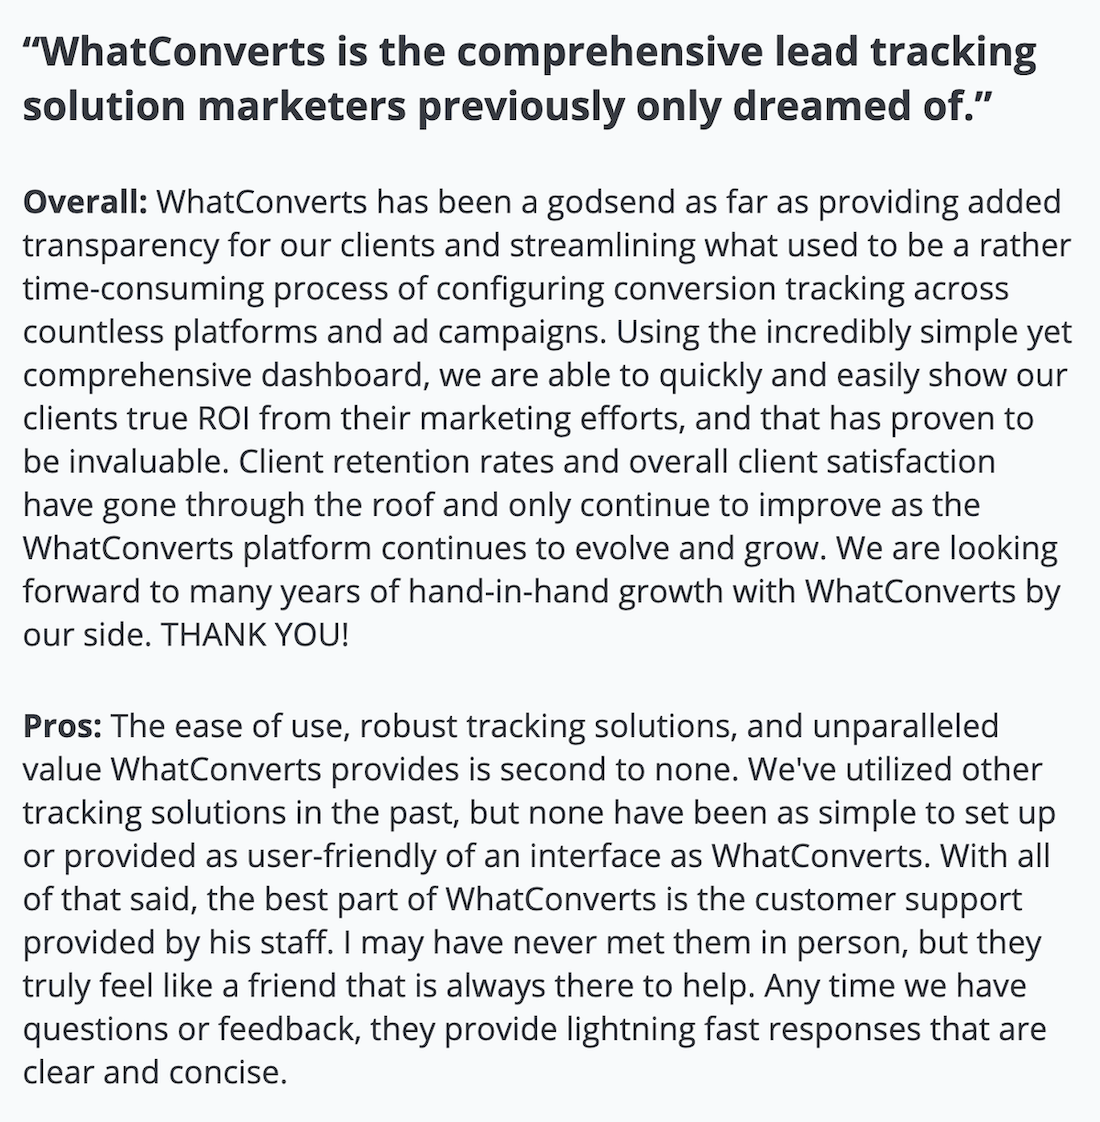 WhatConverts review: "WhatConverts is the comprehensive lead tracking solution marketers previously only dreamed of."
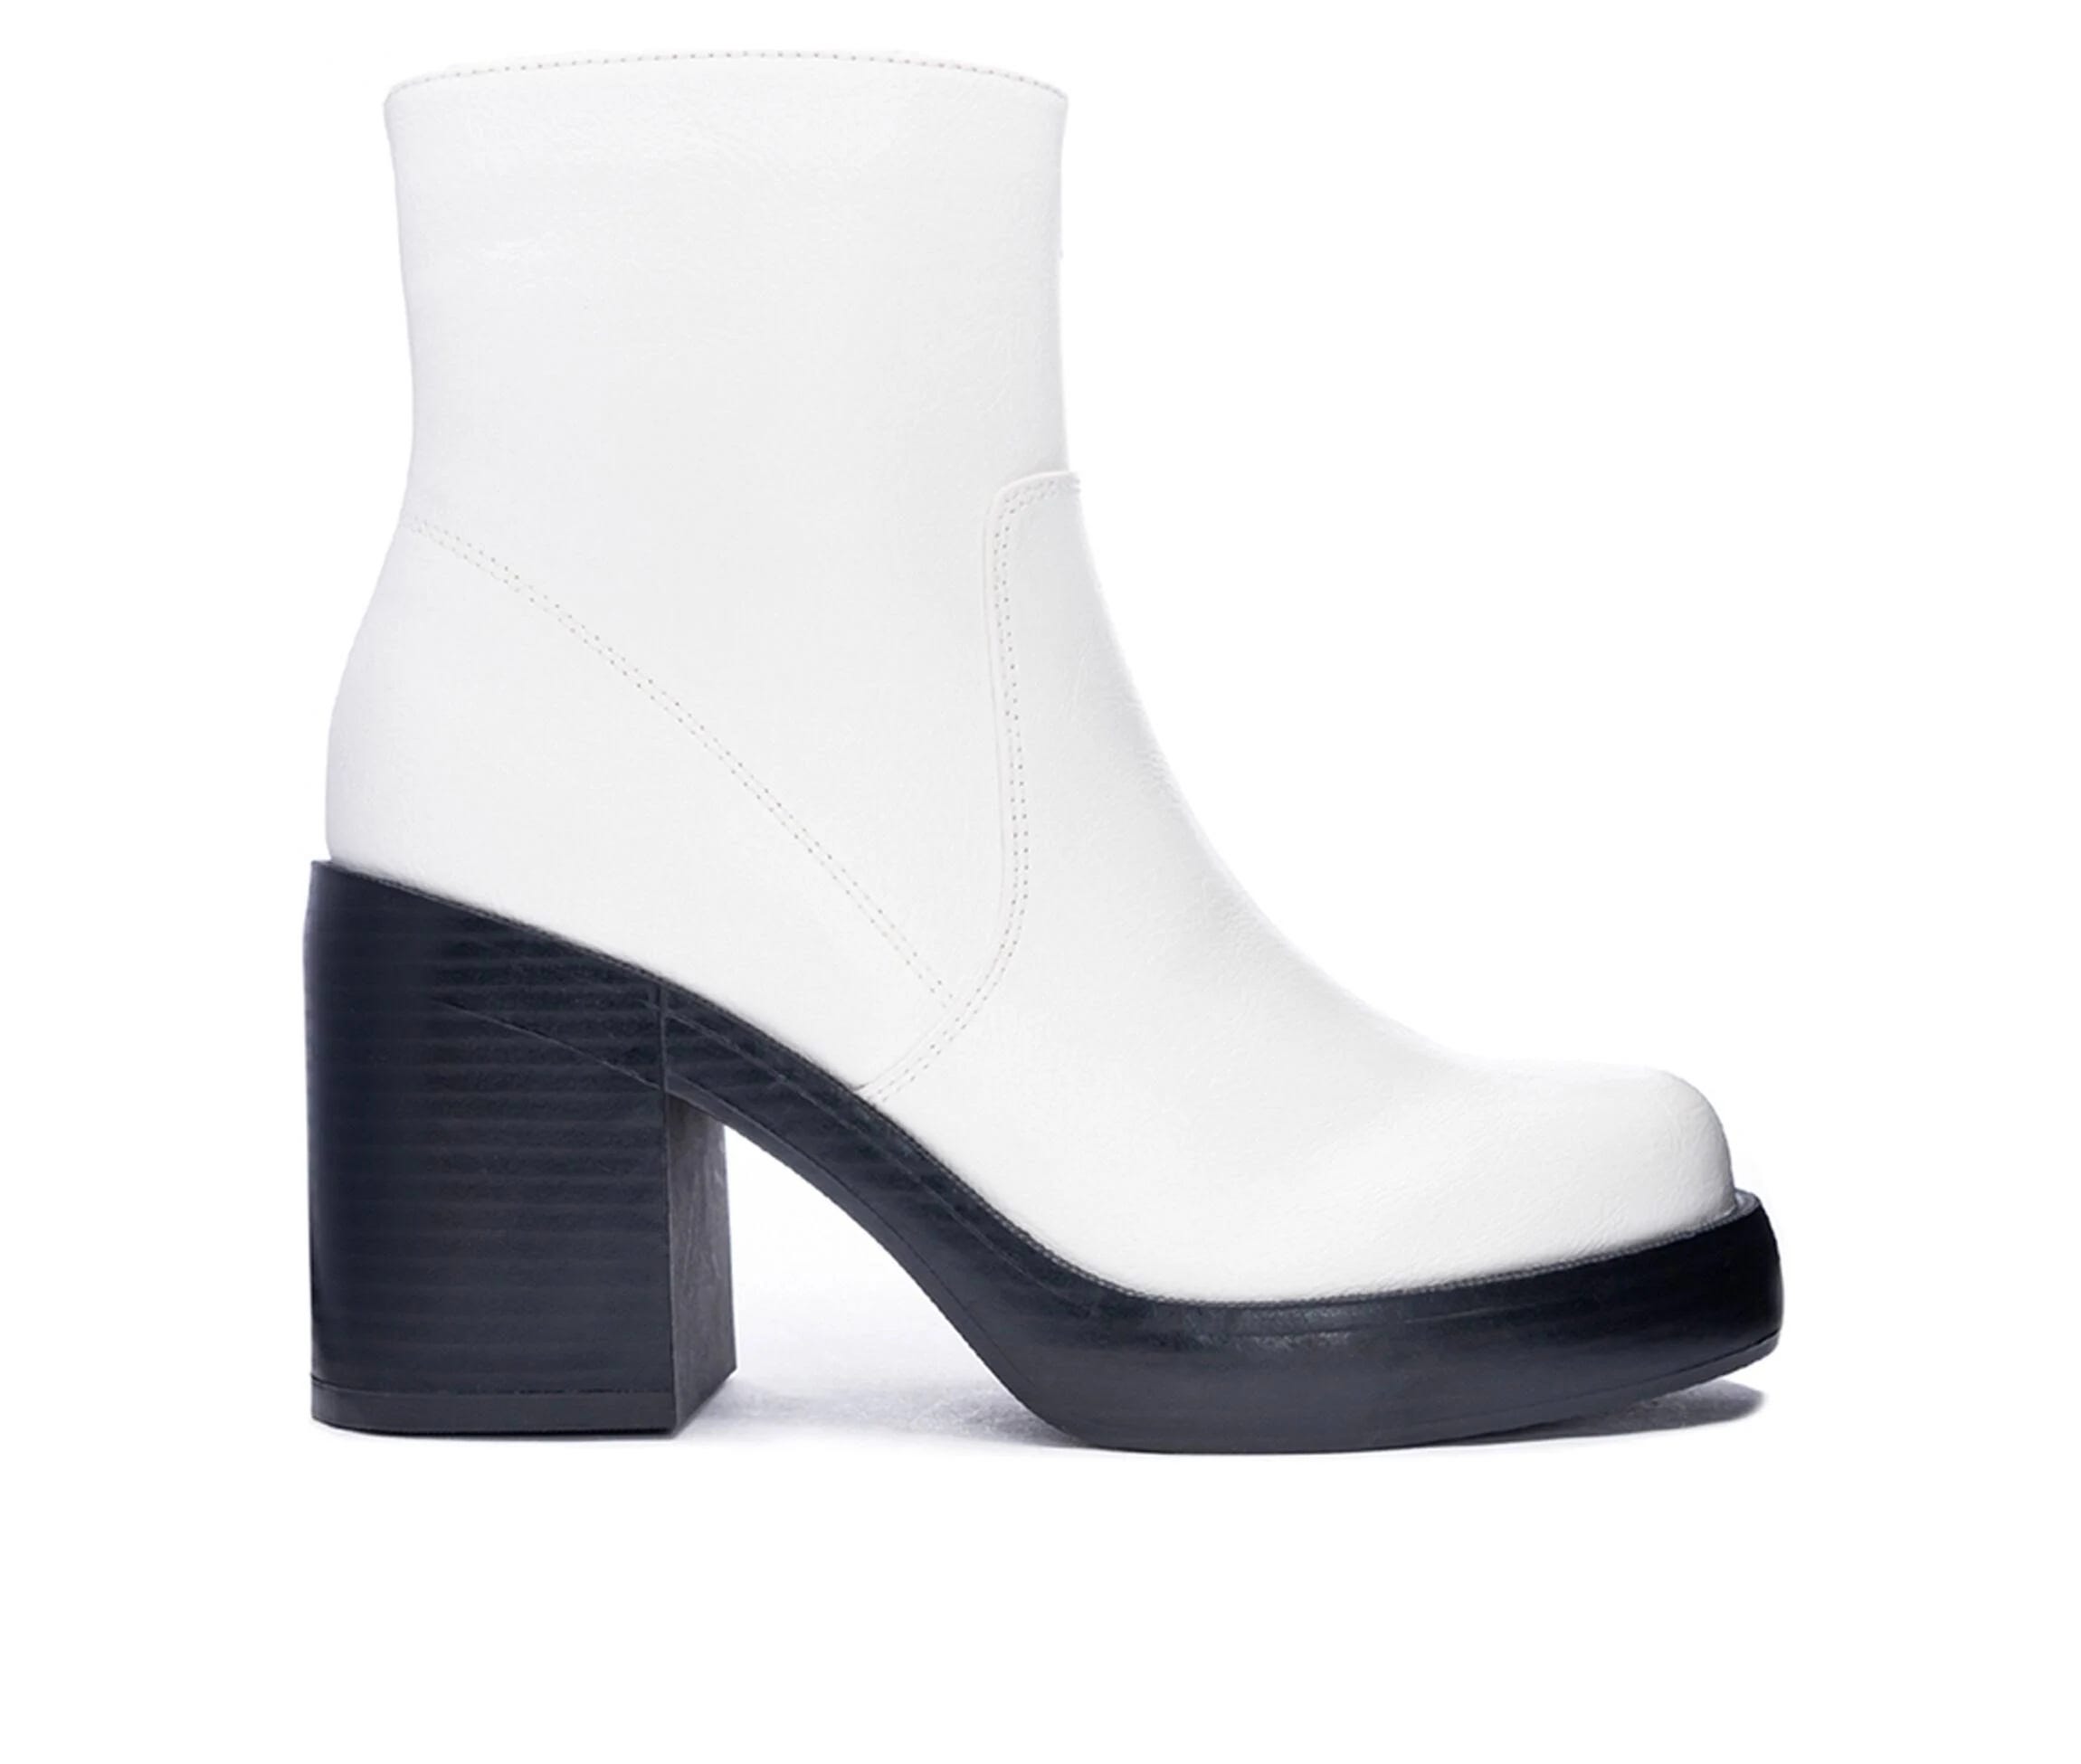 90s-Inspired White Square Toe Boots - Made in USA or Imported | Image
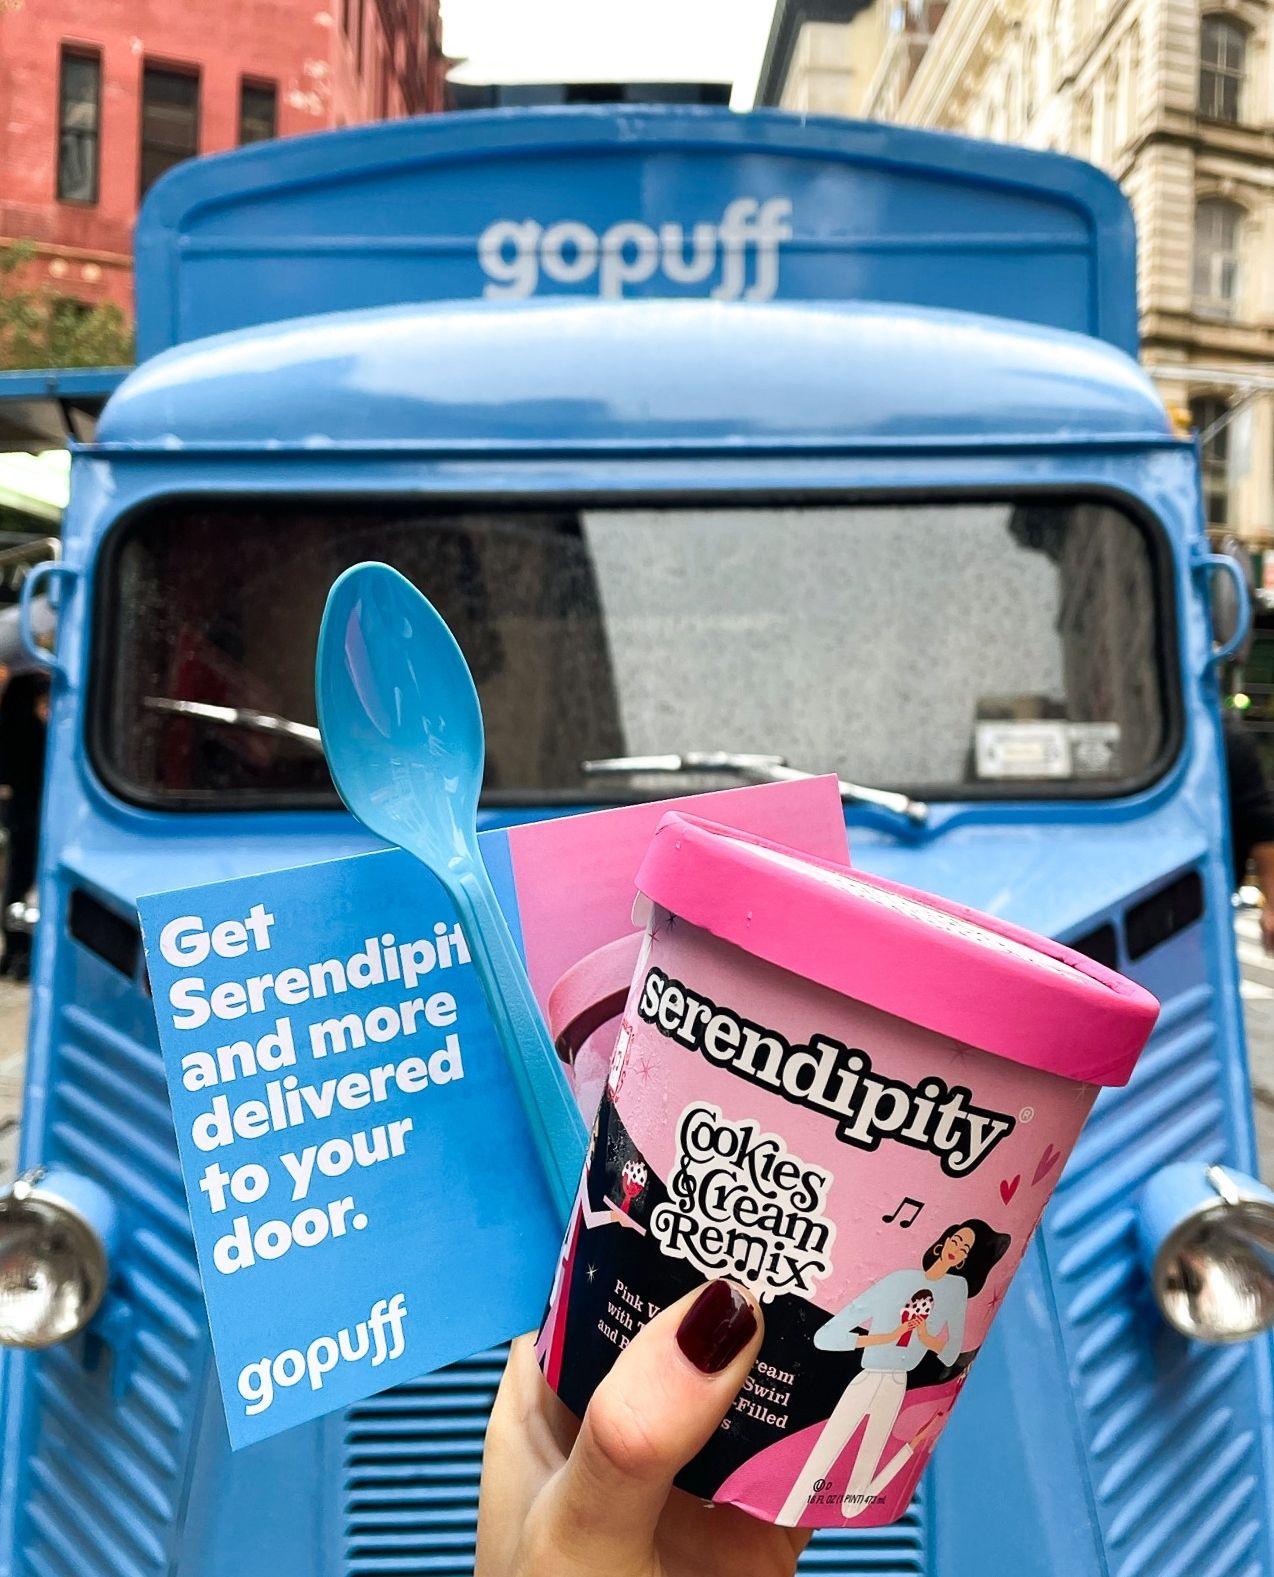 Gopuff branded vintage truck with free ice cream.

## TASK REQUIREMENTS
Reproduce the material above in full, exactly, with no images.

## EXPECTED ANSWER
 WhatConverts review: "WhatConverts is the comprehensive lead tracking solution marketers previously only dreamed of."
 90s-Inspired White Square Toe Boots - Made in USA or Imported | Image
 Gopuff branded vintage truck with free ice cream.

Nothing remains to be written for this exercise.